Data items:
------------------------------------------------------------
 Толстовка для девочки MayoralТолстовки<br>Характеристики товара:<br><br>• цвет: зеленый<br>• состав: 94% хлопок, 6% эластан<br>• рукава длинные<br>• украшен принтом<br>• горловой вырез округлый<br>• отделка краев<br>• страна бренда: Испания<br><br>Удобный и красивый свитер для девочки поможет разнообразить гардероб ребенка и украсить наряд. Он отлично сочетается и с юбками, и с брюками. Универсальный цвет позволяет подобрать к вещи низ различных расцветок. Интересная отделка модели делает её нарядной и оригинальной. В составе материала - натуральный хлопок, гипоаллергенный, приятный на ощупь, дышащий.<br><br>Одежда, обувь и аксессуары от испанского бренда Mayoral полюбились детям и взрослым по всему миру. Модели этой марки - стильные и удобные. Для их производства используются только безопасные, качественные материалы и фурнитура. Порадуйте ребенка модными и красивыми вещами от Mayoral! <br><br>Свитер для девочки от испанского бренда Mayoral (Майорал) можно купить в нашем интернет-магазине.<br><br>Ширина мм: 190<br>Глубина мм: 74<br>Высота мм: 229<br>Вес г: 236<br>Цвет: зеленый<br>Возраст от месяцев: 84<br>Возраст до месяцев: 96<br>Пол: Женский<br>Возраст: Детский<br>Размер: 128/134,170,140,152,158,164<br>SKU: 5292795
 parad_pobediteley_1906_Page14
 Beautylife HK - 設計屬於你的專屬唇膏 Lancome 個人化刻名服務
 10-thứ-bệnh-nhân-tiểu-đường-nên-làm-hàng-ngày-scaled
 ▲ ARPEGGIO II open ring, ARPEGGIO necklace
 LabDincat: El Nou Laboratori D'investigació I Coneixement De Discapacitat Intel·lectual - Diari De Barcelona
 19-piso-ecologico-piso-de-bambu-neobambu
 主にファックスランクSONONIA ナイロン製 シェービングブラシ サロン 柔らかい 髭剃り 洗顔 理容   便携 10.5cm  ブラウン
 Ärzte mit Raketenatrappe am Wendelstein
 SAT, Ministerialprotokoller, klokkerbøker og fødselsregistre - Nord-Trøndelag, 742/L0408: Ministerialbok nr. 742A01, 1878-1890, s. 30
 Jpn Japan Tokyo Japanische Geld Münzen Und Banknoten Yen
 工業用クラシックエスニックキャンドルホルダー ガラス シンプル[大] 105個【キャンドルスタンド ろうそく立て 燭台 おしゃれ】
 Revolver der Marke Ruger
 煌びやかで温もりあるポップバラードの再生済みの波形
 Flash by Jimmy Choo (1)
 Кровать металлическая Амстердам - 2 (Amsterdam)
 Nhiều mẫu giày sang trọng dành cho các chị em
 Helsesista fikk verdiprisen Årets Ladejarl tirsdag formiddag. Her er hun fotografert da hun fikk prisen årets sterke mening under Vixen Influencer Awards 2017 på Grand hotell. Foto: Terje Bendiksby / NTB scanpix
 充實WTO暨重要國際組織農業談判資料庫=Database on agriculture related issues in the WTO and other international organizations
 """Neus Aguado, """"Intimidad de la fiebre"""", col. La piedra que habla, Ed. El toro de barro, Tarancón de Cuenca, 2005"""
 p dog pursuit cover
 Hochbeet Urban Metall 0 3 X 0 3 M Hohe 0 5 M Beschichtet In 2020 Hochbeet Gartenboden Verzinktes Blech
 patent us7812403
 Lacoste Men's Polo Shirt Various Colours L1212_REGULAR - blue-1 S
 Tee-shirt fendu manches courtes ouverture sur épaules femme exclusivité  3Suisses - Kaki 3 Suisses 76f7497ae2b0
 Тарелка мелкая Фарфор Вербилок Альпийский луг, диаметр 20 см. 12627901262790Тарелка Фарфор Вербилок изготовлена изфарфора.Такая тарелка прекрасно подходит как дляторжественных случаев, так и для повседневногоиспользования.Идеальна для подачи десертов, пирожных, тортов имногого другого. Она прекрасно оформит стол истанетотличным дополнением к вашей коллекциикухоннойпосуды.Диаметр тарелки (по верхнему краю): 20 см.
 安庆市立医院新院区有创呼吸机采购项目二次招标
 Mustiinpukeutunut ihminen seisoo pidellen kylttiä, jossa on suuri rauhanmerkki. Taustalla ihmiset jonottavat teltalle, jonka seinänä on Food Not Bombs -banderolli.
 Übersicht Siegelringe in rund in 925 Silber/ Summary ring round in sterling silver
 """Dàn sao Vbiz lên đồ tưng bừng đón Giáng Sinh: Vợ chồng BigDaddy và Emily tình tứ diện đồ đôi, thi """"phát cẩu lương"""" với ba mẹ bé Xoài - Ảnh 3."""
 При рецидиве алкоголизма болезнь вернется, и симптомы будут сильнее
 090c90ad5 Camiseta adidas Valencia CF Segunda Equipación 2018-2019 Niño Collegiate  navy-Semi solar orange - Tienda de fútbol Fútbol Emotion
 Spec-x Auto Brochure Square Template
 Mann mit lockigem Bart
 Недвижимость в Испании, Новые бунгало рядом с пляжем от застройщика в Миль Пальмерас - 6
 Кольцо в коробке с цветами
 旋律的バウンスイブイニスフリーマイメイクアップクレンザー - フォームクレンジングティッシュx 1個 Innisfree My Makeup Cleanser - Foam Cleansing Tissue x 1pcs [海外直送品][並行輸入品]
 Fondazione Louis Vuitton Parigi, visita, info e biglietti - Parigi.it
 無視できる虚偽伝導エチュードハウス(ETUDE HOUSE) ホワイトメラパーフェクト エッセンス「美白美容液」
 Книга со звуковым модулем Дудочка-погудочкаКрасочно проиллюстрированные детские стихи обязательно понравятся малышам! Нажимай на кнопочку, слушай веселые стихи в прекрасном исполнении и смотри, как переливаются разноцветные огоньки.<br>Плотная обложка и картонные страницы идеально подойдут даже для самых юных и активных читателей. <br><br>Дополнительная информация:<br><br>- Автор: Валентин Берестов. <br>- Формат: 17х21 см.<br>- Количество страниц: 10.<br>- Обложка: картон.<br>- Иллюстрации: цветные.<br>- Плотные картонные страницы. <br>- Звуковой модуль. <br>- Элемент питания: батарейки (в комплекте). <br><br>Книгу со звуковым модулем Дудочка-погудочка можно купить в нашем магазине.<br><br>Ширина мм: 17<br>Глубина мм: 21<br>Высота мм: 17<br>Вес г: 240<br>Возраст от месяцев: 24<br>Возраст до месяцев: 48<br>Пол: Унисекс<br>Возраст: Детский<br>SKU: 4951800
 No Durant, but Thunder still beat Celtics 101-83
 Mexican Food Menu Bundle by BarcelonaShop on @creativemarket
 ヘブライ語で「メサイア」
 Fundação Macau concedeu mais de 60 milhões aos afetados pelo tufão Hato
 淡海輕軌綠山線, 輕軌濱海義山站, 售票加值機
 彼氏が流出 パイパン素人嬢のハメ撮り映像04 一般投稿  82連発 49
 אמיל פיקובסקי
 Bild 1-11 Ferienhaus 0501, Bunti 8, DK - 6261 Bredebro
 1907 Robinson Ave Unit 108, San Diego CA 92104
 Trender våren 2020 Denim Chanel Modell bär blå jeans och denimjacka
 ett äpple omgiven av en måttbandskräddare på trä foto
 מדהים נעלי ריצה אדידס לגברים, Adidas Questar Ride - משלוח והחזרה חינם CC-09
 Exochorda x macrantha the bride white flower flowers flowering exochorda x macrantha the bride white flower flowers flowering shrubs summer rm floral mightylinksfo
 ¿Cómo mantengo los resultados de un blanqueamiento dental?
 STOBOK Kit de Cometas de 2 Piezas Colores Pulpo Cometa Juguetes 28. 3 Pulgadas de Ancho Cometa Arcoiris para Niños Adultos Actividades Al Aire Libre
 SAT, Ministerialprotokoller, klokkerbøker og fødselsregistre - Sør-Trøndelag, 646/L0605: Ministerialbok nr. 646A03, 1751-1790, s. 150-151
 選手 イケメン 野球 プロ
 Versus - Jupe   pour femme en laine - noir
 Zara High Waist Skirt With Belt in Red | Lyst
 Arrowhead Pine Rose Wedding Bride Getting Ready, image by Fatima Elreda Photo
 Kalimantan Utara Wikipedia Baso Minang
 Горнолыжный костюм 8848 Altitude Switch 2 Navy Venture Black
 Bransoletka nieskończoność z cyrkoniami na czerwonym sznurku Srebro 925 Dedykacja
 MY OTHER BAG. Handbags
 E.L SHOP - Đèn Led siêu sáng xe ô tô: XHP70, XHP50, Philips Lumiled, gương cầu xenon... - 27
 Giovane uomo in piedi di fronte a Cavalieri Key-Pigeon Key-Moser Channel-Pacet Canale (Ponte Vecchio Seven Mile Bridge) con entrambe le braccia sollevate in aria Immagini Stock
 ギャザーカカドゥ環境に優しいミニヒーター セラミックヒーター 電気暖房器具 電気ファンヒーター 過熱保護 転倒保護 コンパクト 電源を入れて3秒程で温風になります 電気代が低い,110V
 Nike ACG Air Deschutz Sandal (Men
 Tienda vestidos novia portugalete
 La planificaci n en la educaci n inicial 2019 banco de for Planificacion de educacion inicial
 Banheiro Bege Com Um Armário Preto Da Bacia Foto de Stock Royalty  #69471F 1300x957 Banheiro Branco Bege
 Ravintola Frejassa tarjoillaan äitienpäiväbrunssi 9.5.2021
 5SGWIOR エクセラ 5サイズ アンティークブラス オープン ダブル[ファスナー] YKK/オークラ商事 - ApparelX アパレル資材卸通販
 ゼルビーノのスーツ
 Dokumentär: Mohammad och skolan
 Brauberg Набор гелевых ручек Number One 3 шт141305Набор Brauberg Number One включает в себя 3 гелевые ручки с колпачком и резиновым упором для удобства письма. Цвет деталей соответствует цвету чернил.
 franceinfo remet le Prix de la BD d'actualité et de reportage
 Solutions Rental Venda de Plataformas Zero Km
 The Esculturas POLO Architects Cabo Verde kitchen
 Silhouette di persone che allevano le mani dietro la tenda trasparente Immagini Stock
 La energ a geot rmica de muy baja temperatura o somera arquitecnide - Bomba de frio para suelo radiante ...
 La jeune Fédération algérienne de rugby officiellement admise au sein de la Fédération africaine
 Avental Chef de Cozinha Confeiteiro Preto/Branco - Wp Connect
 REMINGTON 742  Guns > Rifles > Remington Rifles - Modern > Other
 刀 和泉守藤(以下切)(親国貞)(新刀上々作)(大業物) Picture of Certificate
------------------------------------------------------------
**About this exercise**
Retype the records above, but only those lines that fall between the line containing "安庆市立医院新院区有创呼吸机采购项目二次招标" and the line containing "Bild 1-11 Ferienhaus", with both of those lines included, exactly as written.

**Task response**
 安庆市立医院新院区有创呼吸机采购项目二次招标
 Mustiinpukeutunut ihminen seisoo pidellen kylttiä, jossa on suuri rauhanmerkki. Taustalla ihmiset jonottavat teltalle, jonka seinänä on Food Not Bombs -banderolli.
 Übersicht Siegelringe in rund in 925 Silber/ Summary ring round in sterling silver
 """Dàn sao Vbiz lên đồ tưng bừng đón Giáng Sinh: Vợ chồng BigDaddy và Emily tình tứ diện đồ đôi, thi """"phát cẩu lương"""" với ba mẹ bé Xoài - Ảnh 3."""
 При рецидиве алкоголизма болезнь вернется, и симптомы будут сильнее
 090c90ad5 Camiseta adidas Valencia CF Segunda Equipación 2018-2019 Niño Collegiate  navy-Semi solar orange - Tienda de fútbol Fútbol Emotion
 Spec-x Auto Brochure Square Template
 Mann mit lockigem Bart
 Недвижимость в Испании, Новые бунгало рядом с пляжем от застройщика в Миль Пальмерас - 6
 Кольцо в коробке с цветами
 旋律的バウンスイブイニスフリーマイメイクアップクレンザー - フォームクレンジングティッシュx 1個 Innisfree My Makeup Cleanser - Foam Cleansing Tissue x 1pcs [海外直送品][並行輸入品]
 Fondazione Louis Vuitton Parigi, visita, info e biglietti - Parigi.it
 無視できる虚偽伝導エチュードハウス(ETUDE HOUSE) ホワイトメラパーフェクト エッセンス「美白美容液」
 Книга со звуковым модулем Дудочка-погудочкаКрасочно проиллюстрированные детские стихи обязательно понравятся малышам! Нажимай на кнопочку, слушай веселые стихи в прекрасном исполнении и смотри, как переливаются разноцветные огоньки.<br>Плотная обложка и картонные страницы идеально подойдут даже для самых юных и активных читателей. <br><br>Дополнительная информация:<br><br>- Автор: Валентин Берестов. <br>- Формат: 17х21 см.<br>- Количество страниц: 10.<br>- Обложка: картон.<br>- Иллюстрации: цветные.<br>- Плотные картонные страницы. <br>- Звуковой модуль. <br>- Элемент питания: батарейки (в комплекте). <br><br>Книгу со звуковым модулем Дудочка-погудочка можно купить в нашем магазине.<br><br>Ширина мм: 17<br>Глубина мм: 21<br>Высота мм: 17<br>Вес г: 240<br>Возраст от месяцев: 24<br>Возраст до месяцев: 48<br>Пол: Унисекс<br>Возраст: Детский<br>SKU: 4951800
 No Durant, but Thunder still beat Celtics 101-83
 Mexican Food Menu Bundle by BarcelonaShop on @creativemarket
 ヘブライ語で「メサイア」
 Fundação Macau concedeu mais de 60 milhões aos afetados pelo tufão Hato
 淡海輕軌綠山線, 輕軌濱海義山站, 售票加值機
 彼氏が流出 パイパン素人嬢のハメ撮り映像04 一般投稿  82連発 49
 אמיל פיקובסקי
 Bild 1-11 Ferienhaus 0501, Bunti 8, DK - 6261 Bredebro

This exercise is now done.